With the help of one of the developer's bulldozers, security forces used batons to scatter the crowd. A dozen people including Kakome Bay's mayor, Vladimir Kumi, were arrested and several others were injured. Local women, who stoned the police, were beaten. A cameraman was also beaten up during the four-hour confrontation. "The bulldozer broke their ranks and then the police beat them up in a beastly way," a villager said. Florion Serjani, a spokesman for the Public Order Ministry, insisted that officers had shown restraint. "Police have removed the people and work has started. No one has been badly hurt. We used force but not violence," he said.
Residents say that Club Med's local business partner, Dritan Cela, is developing land that is not his.

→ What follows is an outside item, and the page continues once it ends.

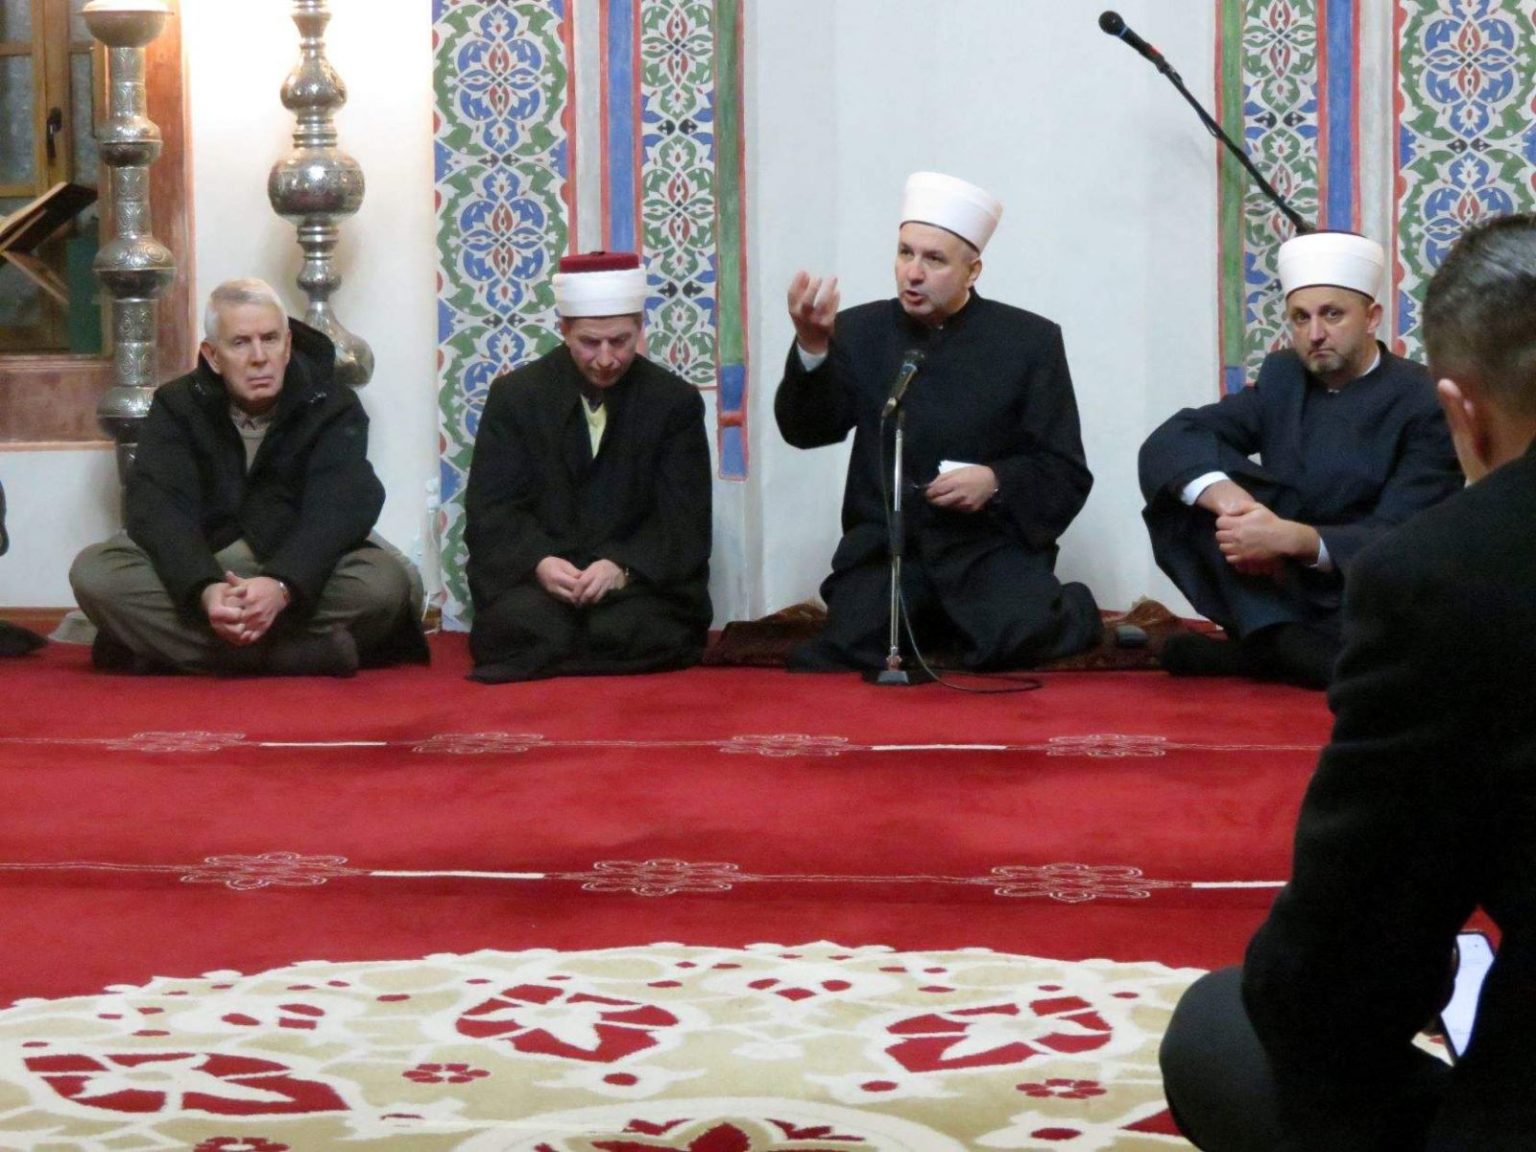 Tribina “Islamske teme” – Muftija Grabus podsjetio na univerzalna pitanja u učenjima bosanskohercegovačke uleme

They say the site, three miles from the highway, is rightfully theirs. No compensation has been offered, they say, after the long-term lease deal was agreed by the Socialist-led government of Prime Minister Fatos Nano. The opponents of the scheme are backed by the opposition Democratic Party. Its leader, the former president Sali Berisha, has warned the Prime Minister not to stoke the conflict ahead of forthcoming elections.
Mr Cela, head of the Riviera company which is developing the site, claimed that he had tried to reason with the protesters, but his argument that the resort would bring benefits to everyone in the region had been ignored. "Building this tourist village is the only hope for the development of tourism that meets modern criteria," said Mr Cela.
Critics say Albania is riddled with corruption. Only yesterday the European Union expressed its mounting concern at the insufficient pace of reform. It said key areas such as fighting organised crime, strengthening the judiciary and completing the transition to a rule-based economy were still below acceptable standards.
But the potential of Albania as a tourist destination is undoubted. According to Neil Taylor, who has been leading tourist parties to Albania since 1973, the country has much to offer. "Albania is somewhere very unspoilt because during the communist era tourism was discouraged. It did not undergo the ravages of neighbouring Yugoslavia or Greece," he said.
While there are few facilities for the independent traveller, there is mounting interest in its Greek and Roman antiquities, as well as its impressive Byzantine heritage. There is also a growing market for retro-communist travel to a country where Norman Wisdom was regarded as a national hero.
Kakome, a short boat ride from Corfu, benefits from a warm climate and cooling summer breezes. Olive and oak trees abound in the valley, with dense forest growing down to the water's edge. A medieval monastery overlooks the bay. A Club Med executive spotted the site during a helicopter reconnaissance of the Ionian coast last year. Work had been due to start in November but after a series of delays the project only got off the ground this week.
In a separate development yesterday the government selected a French-Croatian company to carry out a World Bank-backed research project into tourism along the south-western shore. It wants to attract 1.25 million visitors to the region by 2012.
During the dictatorship, British visitors were usually left-wingers eager to enjoy a bond of solidarity. Others came from the right, eager to "check out the communist menace", said Mr Taylor.